Jesus loves to have us come to him just as we are, sinful, helpless, dependent. We may come with all our sins and weakness and fall at His feet in penitence. It is His glory to encircle us in the arms of His love and to bind up our wounds, to cleanse us from all impurity. Here is where thousands fail; they do not believe that Jesus pardons them personally, individually. They do not take God at His word.

God does not deal with us as finite men deal with one another. His thoughts are thoughts of mercy, love, and tenderest compassion.

Do not give ear to the tempter, say to yourself, “Jesus has died that I might live. He loves me, and wills not that I should perish. I have a compassionate heavenly Father; and although I have abused His love, and squandered His blessings. I will arise, go to my Father, and say, ‘I have sinned before heaven and before You and am no more worthy to be called Your child: Make me as one of your hired servants.’ The parable tells how you will be received. “When he was yet a great way off, his father saw him, and had compassion, and ran and fell on his neck, and kissed him.” Luke 15:18-20.

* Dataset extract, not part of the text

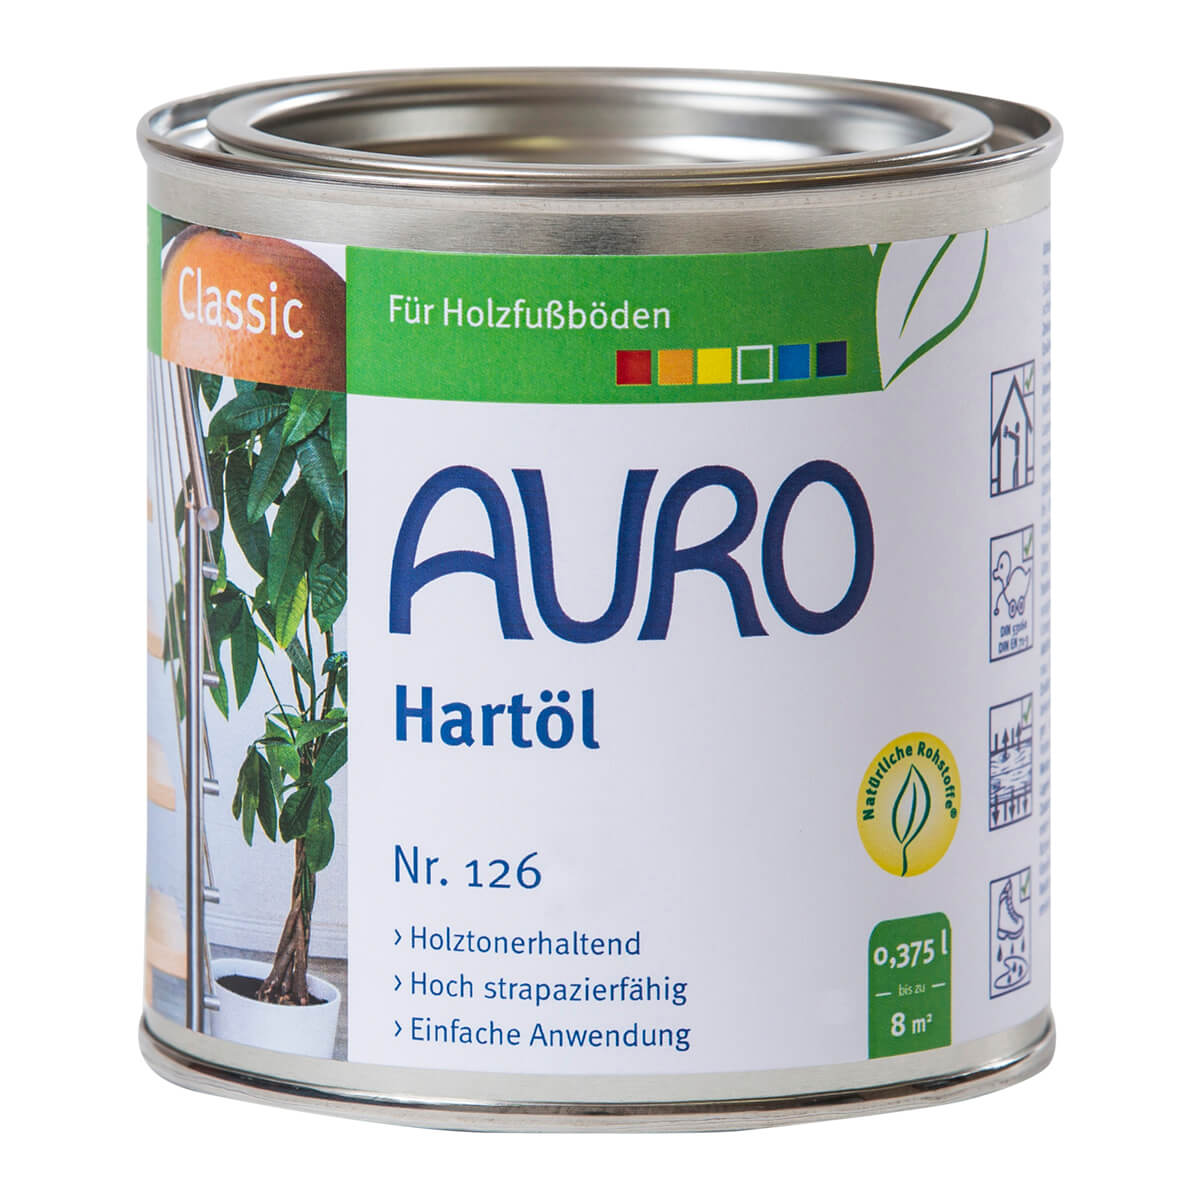 AURO Hartöl Fußbodenöl Naturfarben

“I have loved you with an everlasting love: therefore with loving kindness have I drawn you.” (Jeremiah 31:3).

With the rich promises of the Bible before you, can you give place to doubt? Our heavenly Father hates the sin, but loves the sinner. He gave Himself in the person of Christ, that all who would, might be saved.

Whenever you are doubting and fearful, look up. Jesus lives to make intersession for us.

As you read Bible promises, remember they are the expression of unutterable love and pity. The great heart of Infinite Love is drawn toward the sinner with boundless compassion.

As you draw near to Him with confession and repentance, He will draw near to you with mercy and forgiveness.